Saturday, September 8, 2012

Bumper Part 2 - the Rebuild

In the previous post on the Elgin 607 Bumper movement, I had taken apart a movement that I'd bought on Ebay.  It was sold as nonrunning, but was nice and complete.  In the interim, I ran the parts through my new (well, new to me!) cleaning machine, dried them, polished the jewels and pivots with pegwood and pithwood, and inspected all the parts.

 
Since I have acquired five 607 mainsprings in the course of buying mainspring lots, I thought I'd pop in a new one.  You can see the braking spring, a tiffer piece of spring that essentially grips the barrel wall, but allows the spring to slip to prevent overwinding.


This was kind of a pain, because you have to stop after winding most of the spring into the winder, then fold the braking spring under so it gets pulled into the winder, and unlike a spring with a barrel end hook or T-end, you want to wind the whole thing into the barrel.

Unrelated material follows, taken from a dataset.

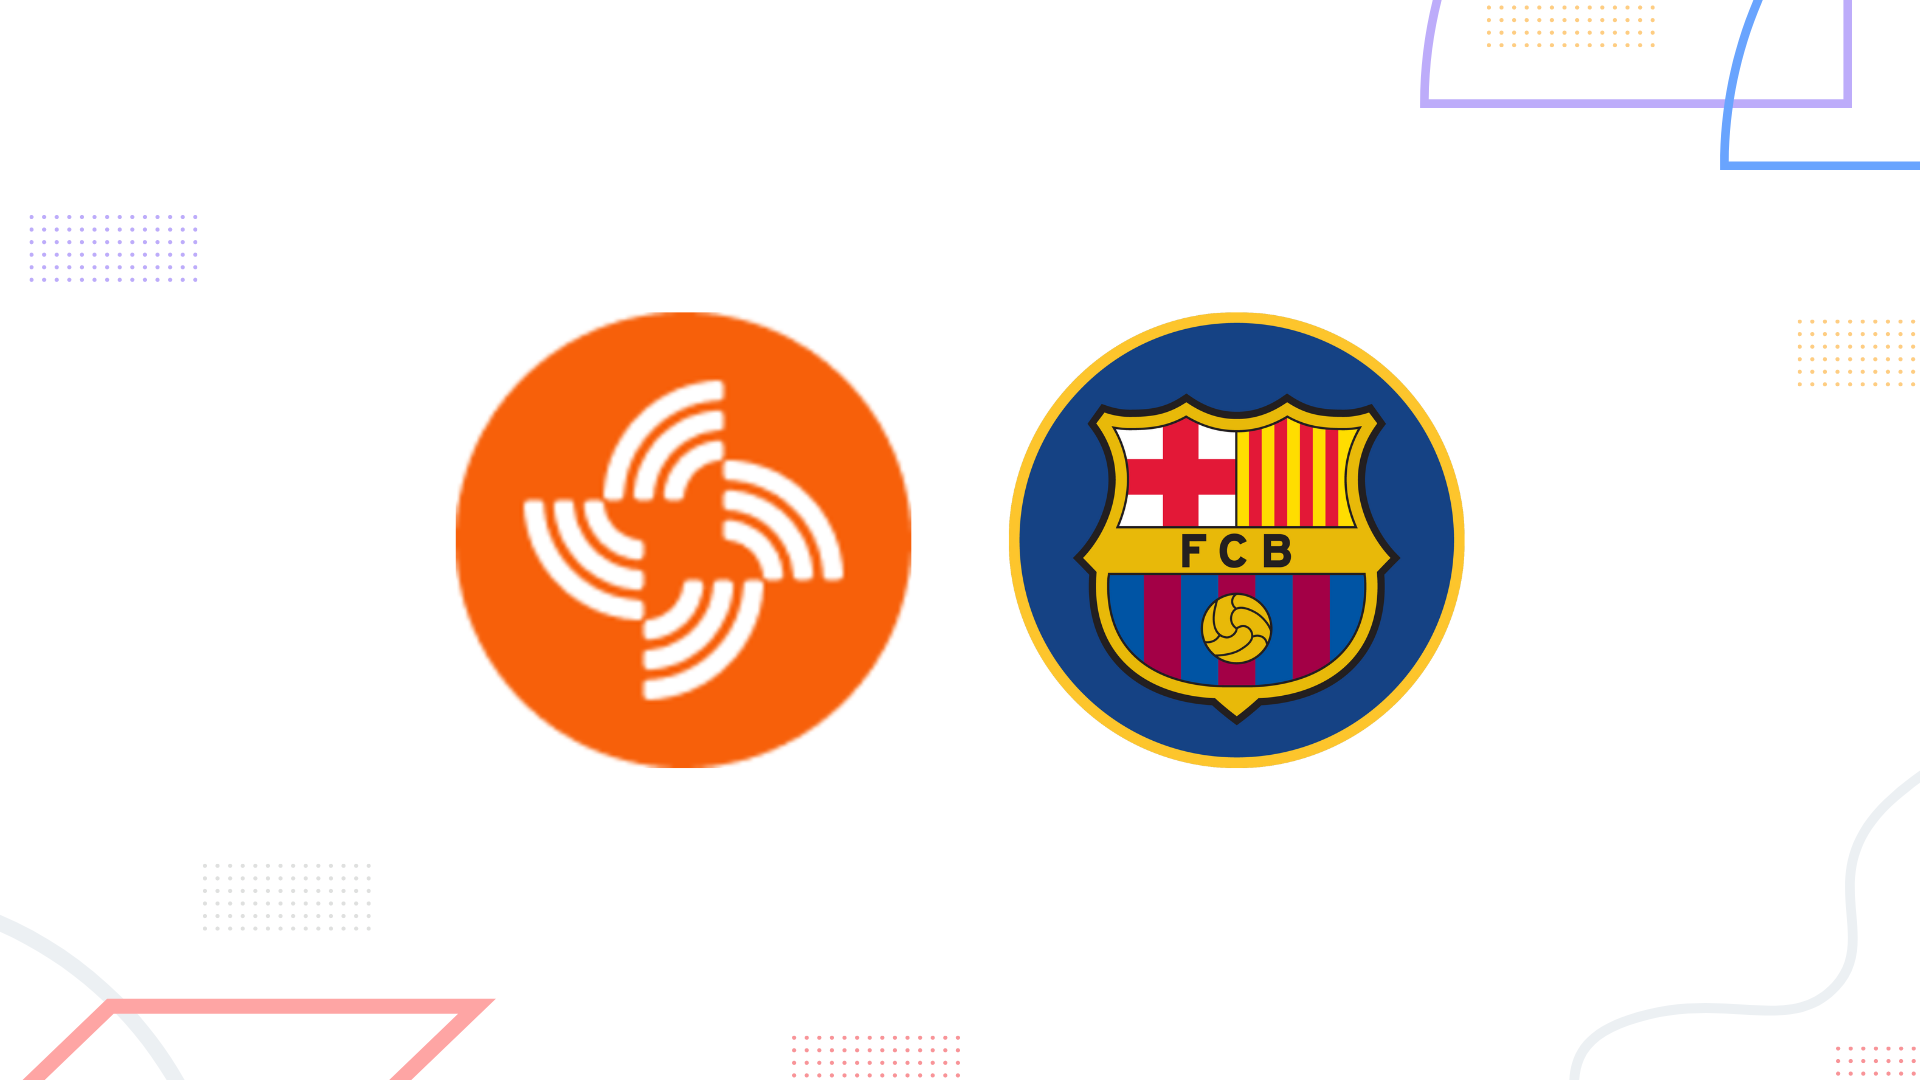 Streamr (DATA) dan FC Barcelona Fan Token (BAR)

Next, I reassembled the autowind module.


The trickiest part was remembering how this part went together.  That lone screw holds the pawl spring at one end, and there's a groove in the winding sector that the spring fits into.  The fingerprint on the bench block will give you some idea just how SMALL the parts are - the 3 screws holding the  winding sector hub together are about the size of balance cap jewel screws. 



Once that's put together, the ratchet pawl is added to the plate. (sorry about the focus)

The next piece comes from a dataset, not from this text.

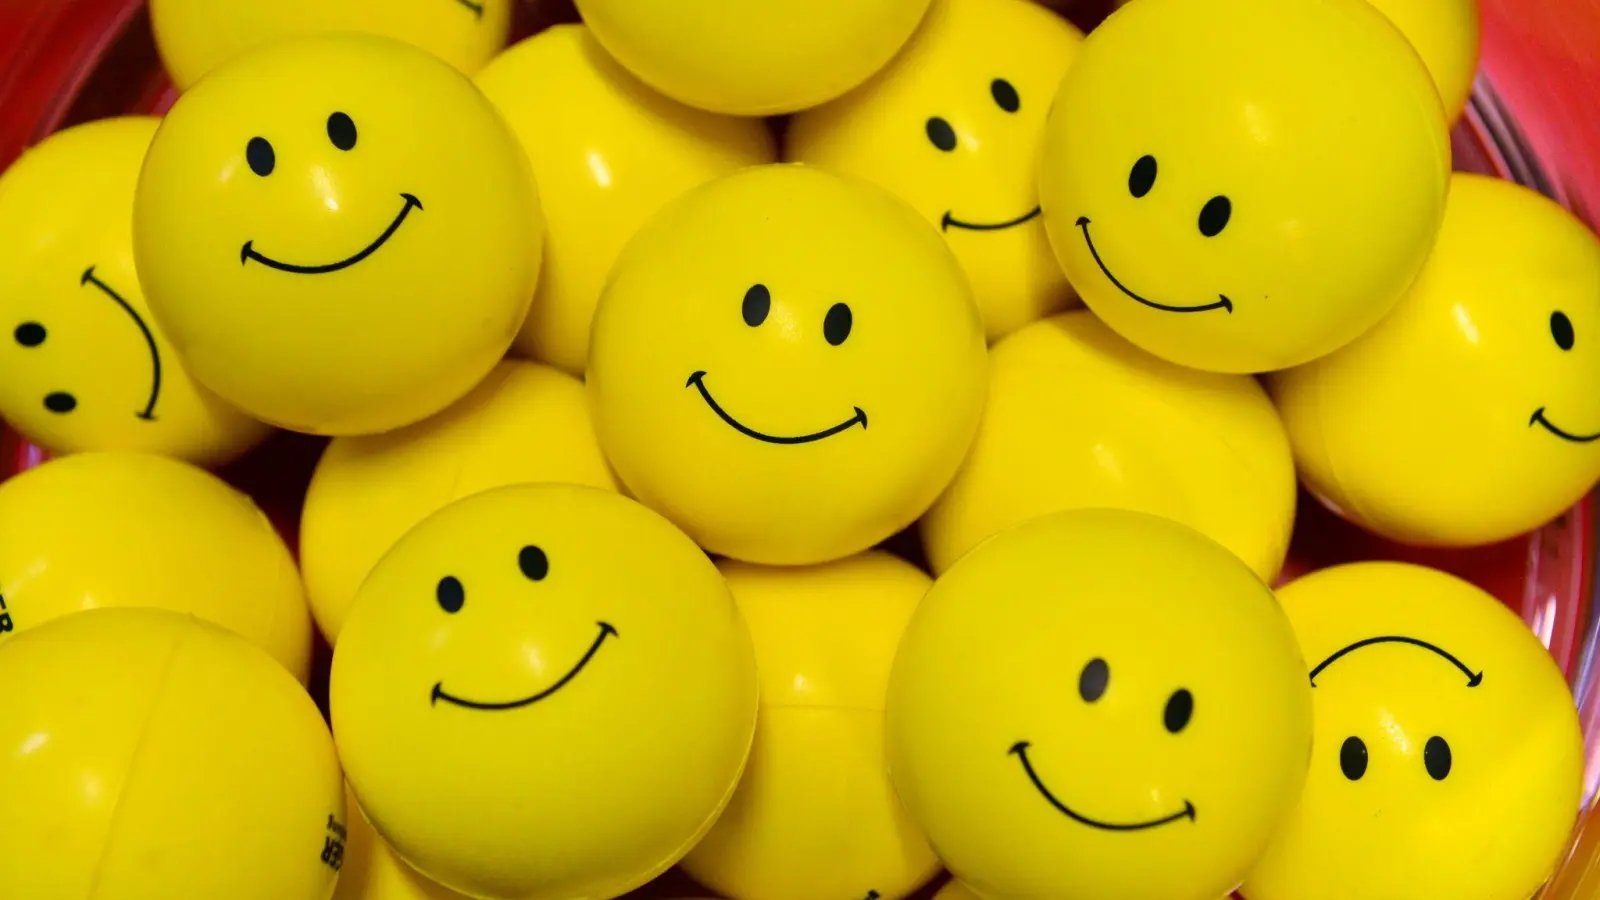 Das Lebensziel vieler Menschen ist es, Glück zu finden. Doch Ratgeber und Co. bauen einen gesellschaftlichen Glücks-Druck auf, von dem es sich eher freizumachen gilt. (Foto: Martin Schutt/dpa-Zentralbild/dpa/Archiv)

Then the winding sector assembly is added.


Add the lower plate, and it's ready to go!

I won't show the assembly of the movement, which is really pretty straightforward, not to mention just like the disassembly only backwards.  I was pleased to note that the balance took right off when installed.  The next step is to add the bumpers.  This is a fiddly step, since the bumper block doesn't have separate screws.  The same screws that hold down the springs attach the bumper to the pillar plate.  And of course, the springs try to turn as you tighten the screws down!


With the bumpers in place, you just add the autowind module and tighten two screws.

  
Note the little black mark on the ratchet wheel.  I marked that so I could see if moving the winding weight worked to wind the watch.  As you can see in this picture, where it's moved about 90 degrees, it does!!


 Add the dial and hands, and we've got a newly cleaned Elgin 607 Bumper!  A nice little piece of American Watchmaking history!